Ingredients
2 LBS Chicken
1 large Onions
2 Tomatoes
6 oz Thick coconut milk
3 large Potatoes
2 tablespoons Lemon juice
2 Tbs cup Coconut (fresh)
2 Tbs Poppy seeds
1 teaspoon Mustard seeds
1 teaspoon Fenugreek seeds
10 Cloves
2 small sticks Cinnamon
½ cup Coconut (fresh)
1 Large Onions
6 Red chillies
5 teaspoons Coriander seeds
1 teaspoon Black peppercorns
6 Cardamoms (green)
5 Star anise
1/4 teaspoon Nutmeg powder
1/4 teaspoon Mace powder
1 teaspoon Carom seeds
Oil
Salt (As per taste)
Preparation
Method Clean, de-skin and chop the chicken. Cut the coconut into 1 inch pieces. Heat oil, add the chopped potatoes and the coconut. Saute over medium heat till light brown. Keep aside.
For the paste:(From poppy seeds to carom seeds)
Heat oil. Saute the cinnamon and the cloves for about half a minute. Keep aside and cool. Chop the onions and coconut into small pieces, sauté till golden brown then add the red chillies and the coriander seeds and fry a little till the chillies begin to crackle. Remove and cool.
Roast the poppy seeds, ajwain(Carom Seeds), mustard seeds and the fenugreek on a tawa. Cool.
Blend the roasted spices and the sautéed spices in a blender with about 1 cup of water to make a fine paste.

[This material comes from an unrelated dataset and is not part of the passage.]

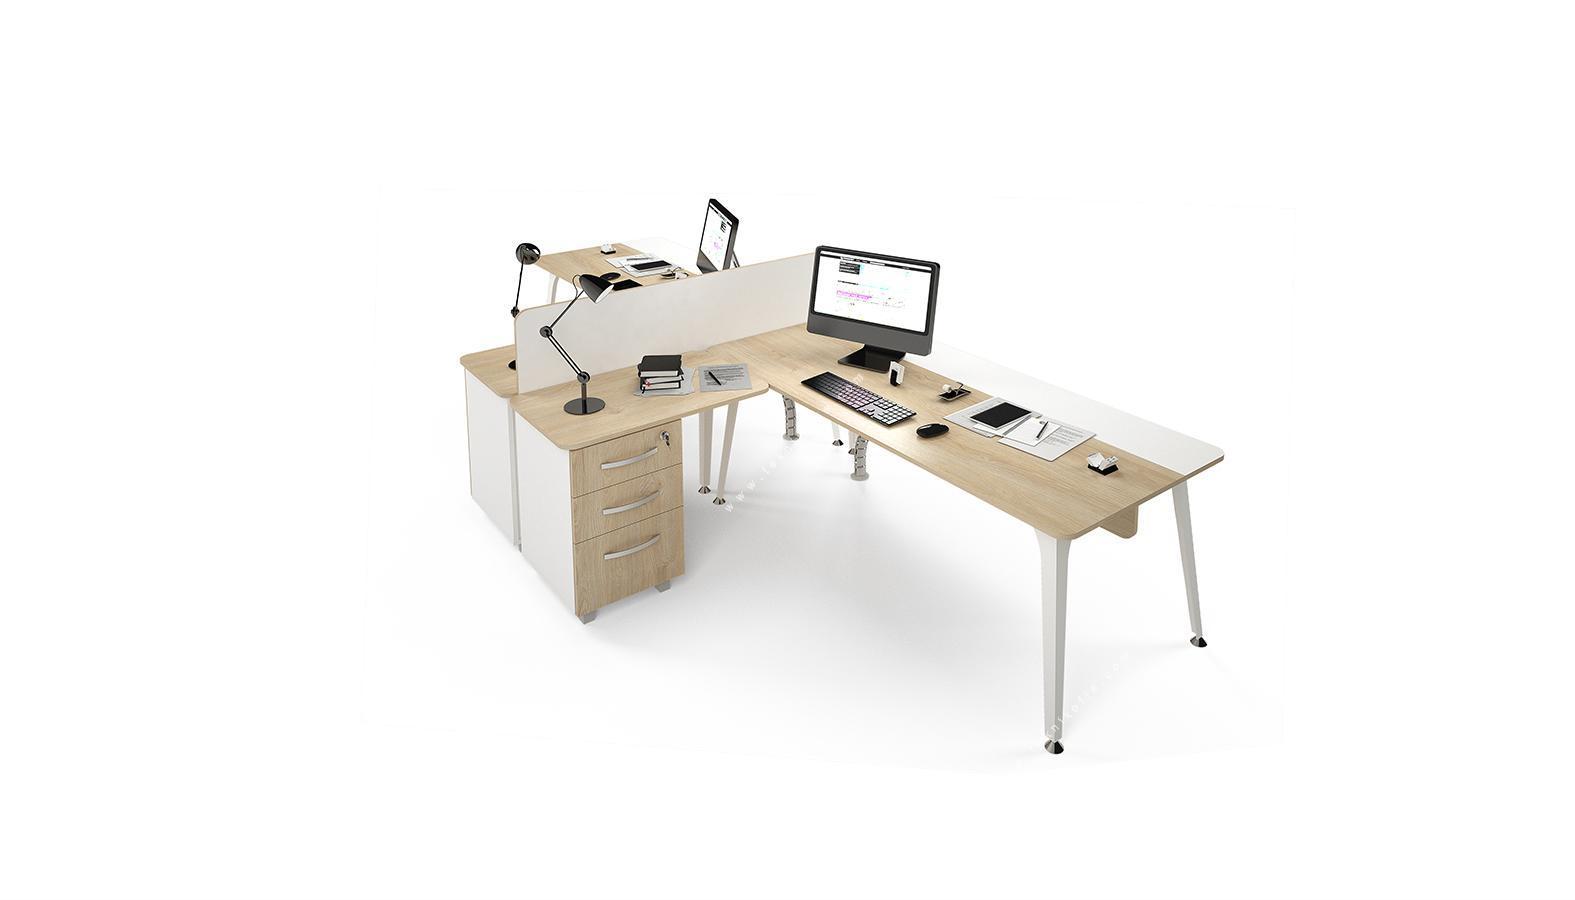 centrawork melamin seperatörlü ikili çalışma masası 362cm

Heat oil in a deep bottomed pan, add the sliced onions and sauté over medium heat till golden brown. Add the tomatoes and the paste. Fry for 2-3 minutes till tomatoes are tender. Add the chicken and 4 cups of water. Bring to a boil and then simmer till tender. Add the coconut milk and lemon juice, bring to a boil. Adjust seasoning. Garnish with fried potatoes and coconut. Serve with boiled rice.